Piracy war a lost cause with apathetic decision makers

The Premier League has launched the second phase of its Boot Out Piracy campaign in Malaysia and Hong Kong.

And nothing will happen. The end.

This is the harsh reality. Premier League and its broadcasters know about it. All they can do is offer words of optimism. That’s it.

The anti-piracy campaign launched in collaboration with Malaysia broadcaster Astro and Hong Kong’s PCCW Ltd, will continue to highlight the dangers illegal streams pose to fans – from data theft to malicious malware, poor viewing experience, blah blah blah, ZZzzzzzzzz.

Premier League director of legal services Kevin Plumb was quoted in a press statement recently as saying: “We will continue working with our broadcast partners to fight piracy and disrupt illegal streams. However, we want to ensure supporters really understand that piracy is not only illegal but also brings with it many risks.”

“Illegal streaming also means missing out on watching high-definition games in real time with expert commentary and insights from players and managers. We want fans to enjoy the best Premier League viewing experience possible via official broadcast channels, not via broken and delayed illegal sources which also bring with them a great risk of malicious malware and ransomware.”

A whole lot of words from Plumb.

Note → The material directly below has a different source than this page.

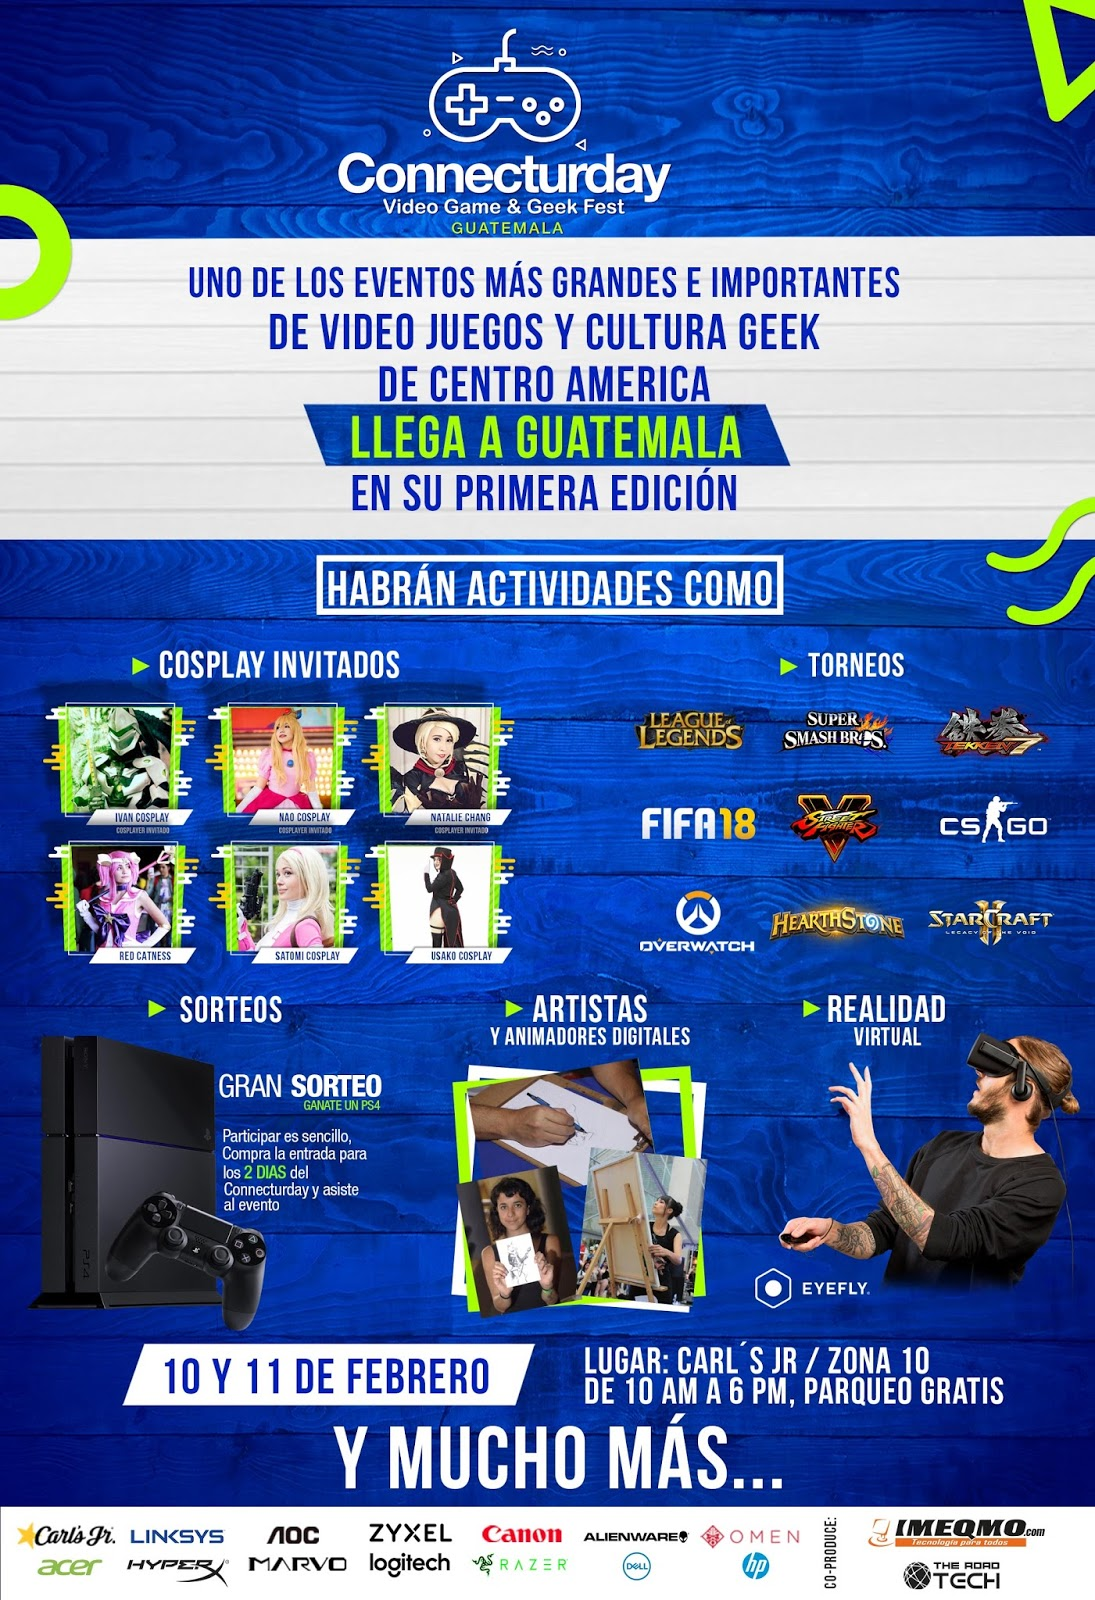 Connecturday Llega A Guatemala Este 10 De Febrero Revista Level

Nothing new.

If the Premier League wants this to work, there’s only one way of saying it: Laws surrounding piracy and its enforcement in Malaysia suck big time.

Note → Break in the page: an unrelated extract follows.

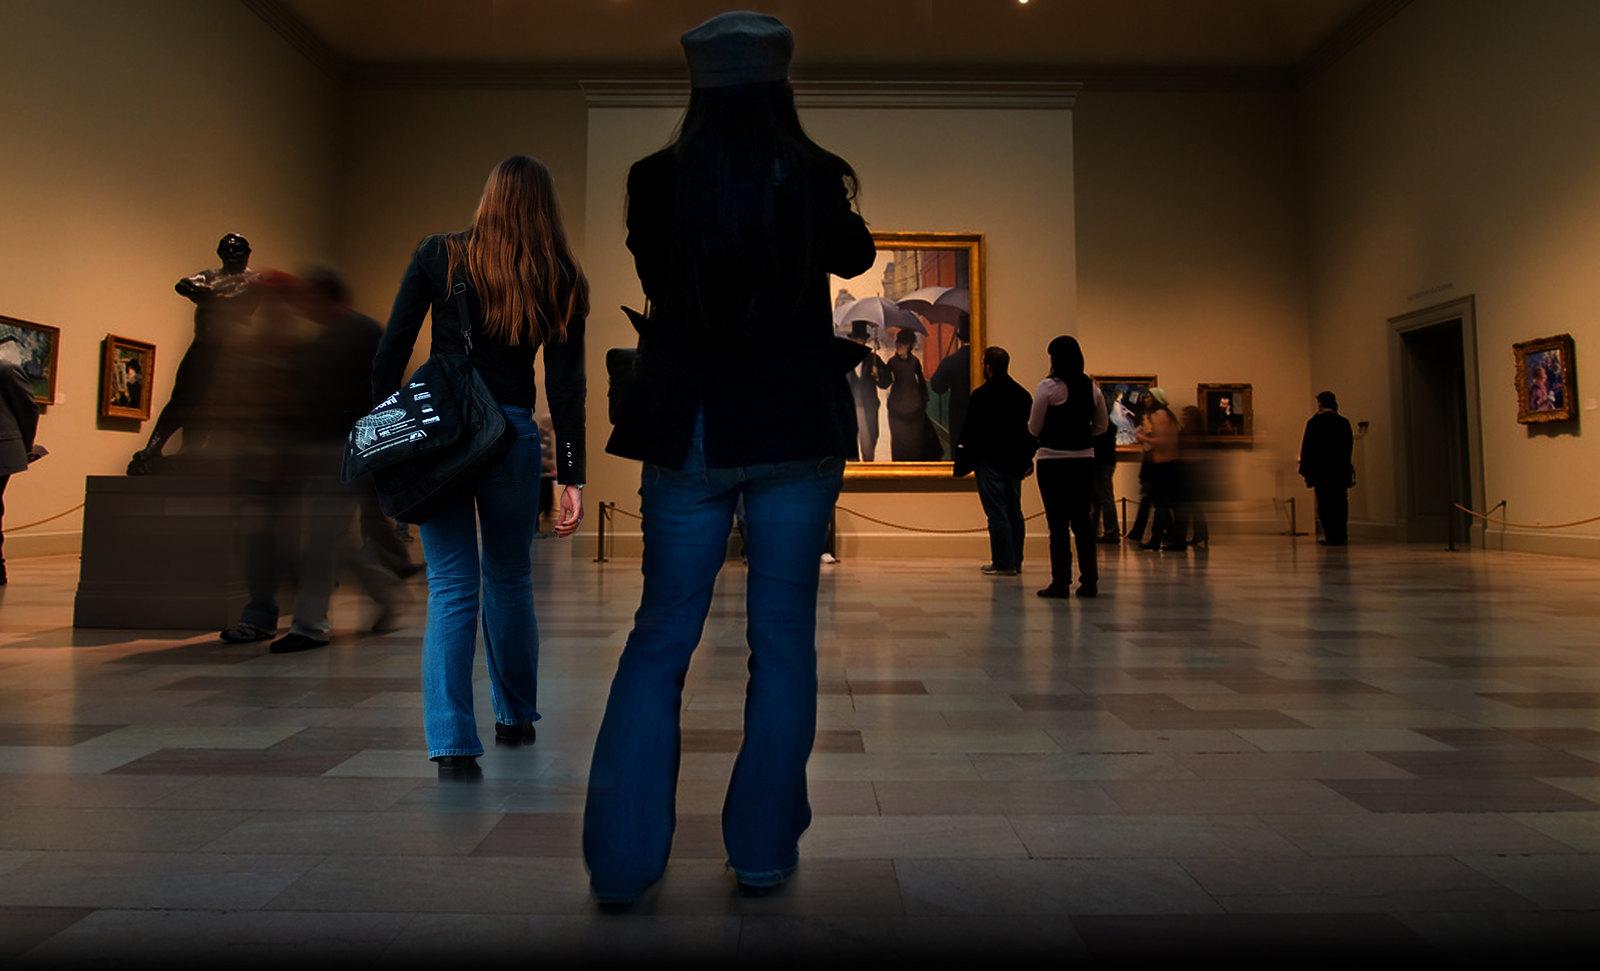 Instituto de Arte de Chicago

Android boxes are easily available in shopping malls, offering thousands of channels, including those airing football matches. They are sold openly, yet little has been done to clamp down on the sellers or those bringing such devices into the country.

Some argue that such campaigns have been successful as a number of illegal streaming sites have been shut down. Also, it’s not a problem exclusive to Malaysia as other nations are also facing a tough time combating piracy.

Shut one illegal website down and five more will appear. Raid one stall selling Android boxes, many other operators continue to sell with no fear. Android boxes are also sold on online shopping platforms.

According to:

  • Piracy-tracking firm Muso, traffic to illegal streaming and download sites rose by nearly 60 per cent in the UK in March – at the time when nations imposed lockdowns. The firm revealed there were over 300 million visits to piracy sites in the UK and more than one billion in the US.
  • The Charting Global Sports Piracy report by Ampere Analysis on behalf of video software provider Synamedia, found 51 per cent still use pirated services to watch live sports on a monthly basis, despite 89 per cent of respondents owning a subscription to a pay TV or over-the-top (OTT). platform.

However, it should also be noted that:

  • In September, it was reported that the number of Malaysian consumers accessing piracy websites over the past 12 months decreased 64 per cent. According to a survey commissioned by the Asia Video Industry Association’s Coalition Against Piracy and conducted by YouGov, 22 per cent of online consumers currently use piracy streaming websites or torrent websites to view pirated content, substantially less than the 61 per cent findings in a similar survey in August last year. There was also a 61 per cent reduction in the number of consumers who use an illicit streaming device compared to last year’s survey.
  • In August, over 60 servers were taken down in North America, Europe and Asia with several people linked to piracy arrested.

Broadcasters in Malaysia have been subjected to piracy for decades. Some 20 years ago, pirated VCDs and DVDs were the threat. Every latest movie or album was easily available at the local night market (pasar malam). Some even set up shop, even in affluent areas like Bangsar – a testament that it was about the thrill of not paying for what the movie or album was really worth.

Today, there’s the Malaysian Communications and Multimedia Commission (MCMC) and Sirim-certified Long TV – an Internet television box that also shows Astro channels among many others.

The advancement of technology saw pirated VCDs and DVDs replaced by torrents and free streaming sites. The powers-that-be claim they can only do so much as the IP addresses are based abroad.

There also seem to be various agencies and ministries, including the Communication and Multimedia Ministry and the Domestic Trade and Consumer Affairs that are responsible for keeping piracy and related activities in check.

But they find no problem blocking access to certain sites.

Recently, the MCMC investigated parody account BERMANA and reported it to Twitter. Subsequently, the account was shut but the folks behind BERMANA returned as Bawangmana. Anyone would know that BERMANA and national news agency Bernama are different entities.

Malaysians, including civil servants, find BERMANA hilarious and most of the time, it was an ironic reflection of reality.

There are adequate laws that can be further strengthened and evolved in tandem with technology. It boils down to enforcement and willpower.

Sadly, such matters are often seen as unimportant by the decision makers.